Ubiquitination is a post-translational modification with wide ranging effects on protein stability, localisation and interactions. E3 ubiquitin ligases control the final step in the substrate ubiquitination cascade and are therefore critical enzymes in many signalling pathways. One such E3 ligase, RNF14 is a member of the RING-Between-RING (RBR) family of E3s.
RNF14 has emerged as a critical regulator in a novel ribosomal quality control (RQC) pathway. RQC is a crucial cellular mechanism responsible for identifying and resolving faults in protein translation, ensuring high fidelity protein synthesis is preserved. Under specific conditions, ribosomes can stall and collide with others, providing unique molecular cues that a cell must resolve. Here, RNF14 is recruited to stalled ribosomes and ubiquitinates key components including trapped translation factors, leading to their proteasomal degradation. Although RNF14s distinct ubiquitin chain-type signature is known, the architecture of these chains and how they lead to translation factor degradation remains unknown.

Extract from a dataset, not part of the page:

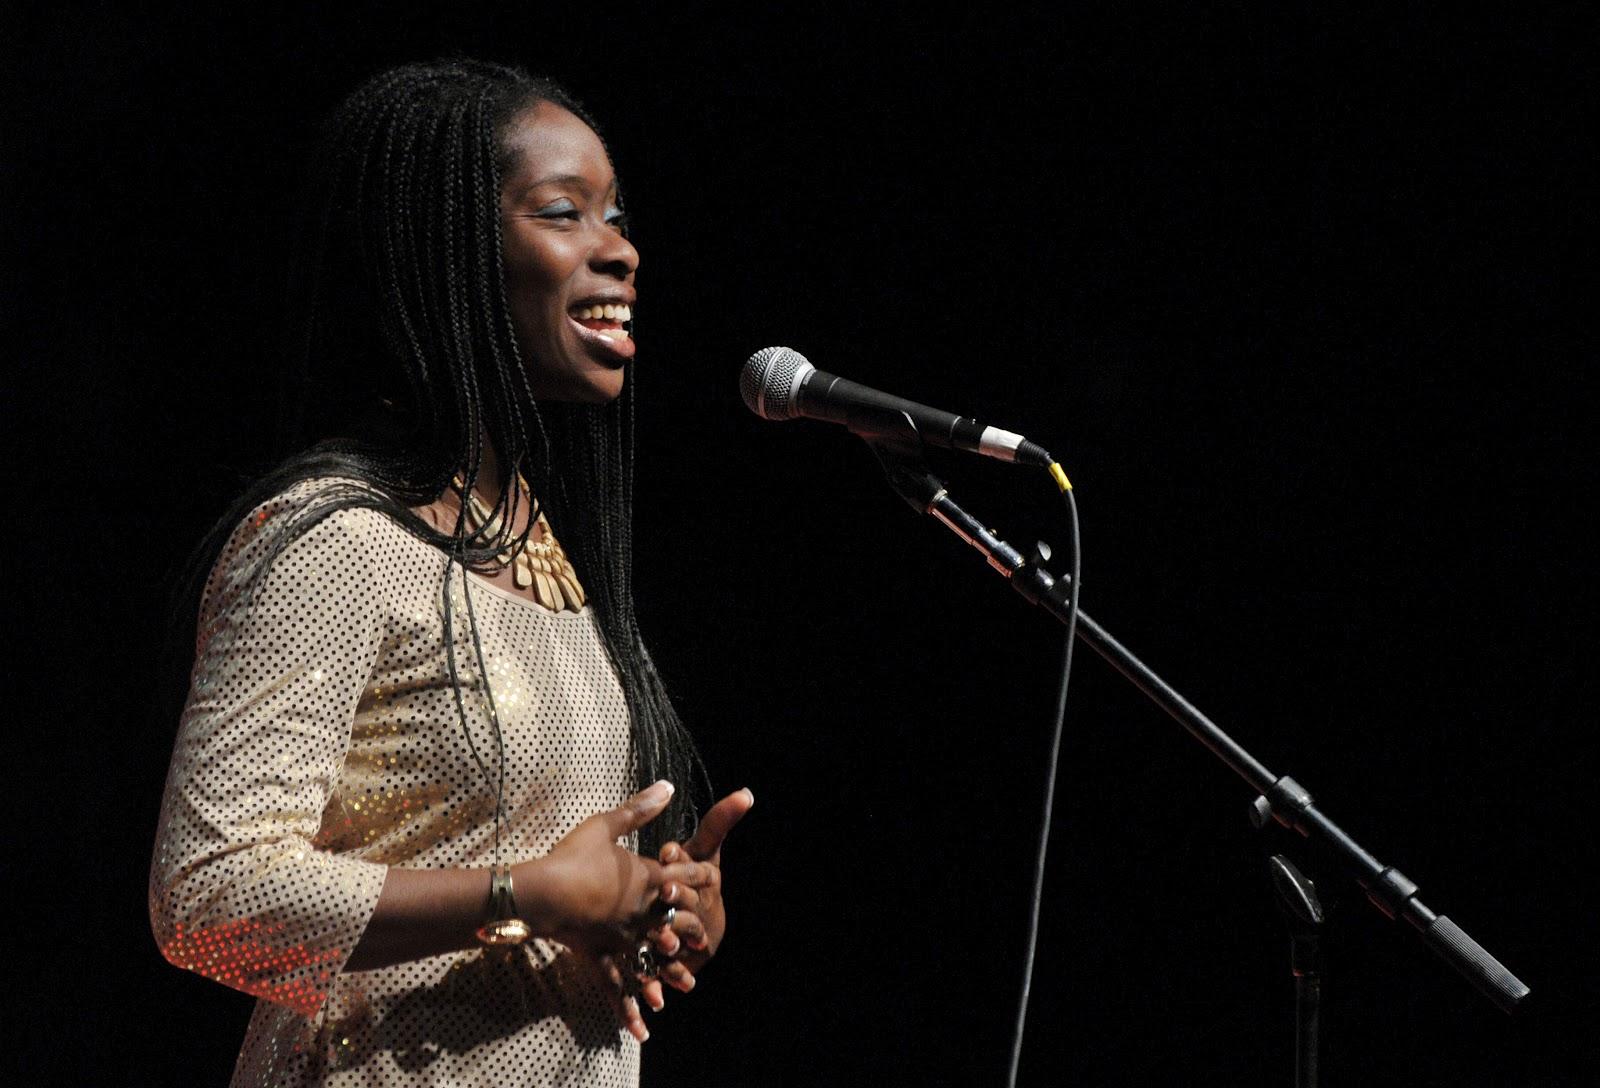 http://1.bp.blogspot.com/-pM8RcziiBz8/UG8Pi6wFOSI/AAAAAAAAFro/68WIMU1EoqI/s1600/Iyeoka_performs_at_the_TEDxMidAtlantic_Conference_2010.jpg

During my PhD, I’ve used a combination of in vitro and cell-based assays, and mass spectrometry to show that upon inducing ribosomal stalling by specific drugs, RNF14 generates unconventional, branched ubiquitin chains in vitro and on an endogenous translation factor in cells. To further understand the mechanism of branched chain assembly, I solved a crystal structure of the RNF14 catalytic domain caught in the act of forming a branched ubiquitin chain product. This is the first structure demonstrating how one individual E3 ubiquitin ligase can form branched ubiquitin chains. Overall, this work provides a system and the tools to expand our understanding of ubiquitin branching and why this unique modification is important in RQC and protein degradation.